Print nothing but the lines below starting at the line that holds "Kopf einer Französischen" and ending at the line that holds "[919] LJUSNARSBERGS ~", including both, each exactly as written.
══════
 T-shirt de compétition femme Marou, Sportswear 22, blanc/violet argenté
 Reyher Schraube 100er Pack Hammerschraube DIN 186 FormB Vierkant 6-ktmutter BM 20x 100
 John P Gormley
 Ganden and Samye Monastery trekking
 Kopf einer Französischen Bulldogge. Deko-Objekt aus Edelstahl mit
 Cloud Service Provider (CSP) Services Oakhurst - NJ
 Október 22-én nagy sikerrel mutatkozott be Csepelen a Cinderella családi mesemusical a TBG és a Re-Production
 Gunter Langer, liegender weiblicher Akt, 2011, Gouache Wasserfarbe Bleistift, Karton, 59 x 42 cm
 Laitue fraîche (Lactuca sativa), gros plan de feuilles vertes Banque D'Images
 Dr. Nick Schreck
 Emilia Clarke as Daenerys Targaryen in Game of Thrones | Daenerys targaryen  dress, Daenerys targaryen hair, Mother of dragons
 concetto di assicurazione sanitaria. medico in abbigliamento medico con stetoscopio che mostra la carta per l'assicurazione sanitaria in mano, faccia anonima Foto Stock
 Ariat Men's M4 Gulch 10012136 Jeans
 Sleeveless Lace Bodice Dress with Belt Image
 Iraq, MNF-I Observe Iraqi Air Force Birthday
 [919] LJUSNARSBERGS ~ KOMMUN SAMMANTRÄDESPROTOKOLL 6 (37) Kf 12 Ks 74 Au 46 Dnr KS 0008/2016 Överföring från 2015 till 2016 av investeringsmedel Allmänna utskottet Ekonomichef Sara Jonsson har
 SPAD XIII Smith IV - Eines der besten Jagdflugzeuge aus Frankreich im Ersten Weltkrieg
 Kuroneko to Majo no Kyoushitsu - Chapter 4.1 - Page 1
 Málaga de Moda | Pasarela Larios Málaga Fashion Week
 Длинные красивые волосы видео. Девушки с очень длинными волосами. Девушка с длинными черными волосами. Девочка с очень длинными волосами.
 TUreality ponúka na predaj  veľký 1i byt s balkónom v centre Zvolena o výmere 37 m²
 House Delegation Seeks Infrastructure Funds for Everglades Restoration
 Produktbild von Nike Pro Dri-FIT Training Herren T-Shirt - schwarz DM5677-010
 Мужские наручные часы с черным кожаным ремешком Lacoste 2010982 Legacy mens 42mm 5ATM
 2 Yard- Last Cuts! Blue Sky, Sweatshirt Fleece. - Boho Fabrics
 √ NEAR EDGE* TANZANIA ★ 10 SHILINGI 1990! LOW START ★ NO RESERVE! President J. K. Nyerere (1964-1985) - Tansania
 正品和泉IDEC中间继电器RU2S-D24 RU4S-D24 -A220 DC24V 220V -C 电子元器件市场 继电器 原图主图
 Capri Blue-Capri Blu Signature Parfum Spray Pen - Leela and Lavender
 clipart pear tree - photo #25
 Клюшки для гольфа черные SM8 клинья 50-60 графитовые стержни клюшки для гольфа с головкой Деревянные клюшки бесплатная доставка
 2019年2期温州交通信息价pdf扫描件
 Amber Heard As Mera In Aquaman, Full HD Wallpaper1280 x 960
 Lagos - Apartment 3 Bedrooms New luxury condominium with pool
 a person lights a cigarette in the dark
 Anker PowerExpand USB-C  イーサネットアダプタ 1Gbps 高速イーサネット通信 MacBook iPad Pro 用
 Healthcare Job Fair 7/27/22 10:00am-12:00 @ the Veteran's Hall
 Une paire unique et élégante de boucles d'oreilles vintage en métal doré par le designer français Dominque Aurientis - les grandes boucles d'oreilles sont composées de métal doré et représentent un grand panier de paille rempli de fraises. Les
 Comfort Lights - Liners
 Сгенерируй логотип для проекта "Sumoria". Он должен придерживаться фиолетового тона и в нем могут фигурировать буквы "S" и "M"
══════
Solution
 Kopf einer Französischen Bulldogge. Deko-Objekt aus Edelstahl mit
 Cloud Service Provider (CSP) Services Oakhurst - NJ
 Október 22-én nagy sikerrel mutatkozott be Csepelen a Cinderella családi mesemusical a TBG és a Re-Production
 Gunter Langer, liegender weiblicher Akt, 2011, Gouache Wasserfarbe Bleistift, Karton, 59 x 42 cm
 Laitue fraîche (Lactuca sativa), gros plan de feuilles vertes Banque D'Images
 Dr. Nick Schreck
 Emilia Clarke as Daenerys Targaryen in Game of Thrones | Daenerys targaryen  dress, Daenerys targaryen hair, Mother of dragons
 concetto di assicurazione sanitaria. medico in abbigliamento medico con stetoscopio che mostra la carta per l'assicurazione sanitaria in mano, faccia anonima Foto Stock
 Ariat Men's M4 Gulch 10012136 Jeans
 Sleeveless Lace Bodice Dress with Belt Image
 Iraq, MNF-I Observe Iraqi Air Force Birthday
 [919] LJUSNARSBERGS ~ KOMMUN SAMMANTRÄDESPROTOKOLL 6 (37) Kf 12 Ks 74 Au 46 Dnr KS 0008/2016 Överföring från 2015 till 2016 av investeringsmedel Allmänna utskottet Ekonomichef Sara Jonsson har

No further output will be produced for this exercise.